> _YOUR GOAL_
Reproduce exactly the line with "Schott Classical Pieces" and all the lines beneath it, stopping only at the end of the material.

> _INFORMATION SHOWN_
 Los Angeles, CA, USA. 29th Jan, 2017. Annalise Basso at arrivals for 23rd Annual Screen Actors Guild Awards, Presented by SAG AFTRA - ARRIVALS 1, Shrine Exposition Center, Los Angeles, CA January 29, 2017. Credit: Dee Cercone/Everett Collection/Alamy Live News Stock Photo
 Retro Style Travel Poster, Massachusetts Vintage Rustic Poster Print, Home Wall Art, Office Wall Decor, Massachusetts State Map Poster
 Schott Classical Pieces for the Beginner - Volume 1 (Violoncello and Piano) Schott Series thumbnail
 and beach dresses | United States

> _TASK RESULT_
 Schott Classical Pieces for the Beginner - Volume 1 (Violoncello and Piano) Schott Series thumbnail
 and beach dresses | United States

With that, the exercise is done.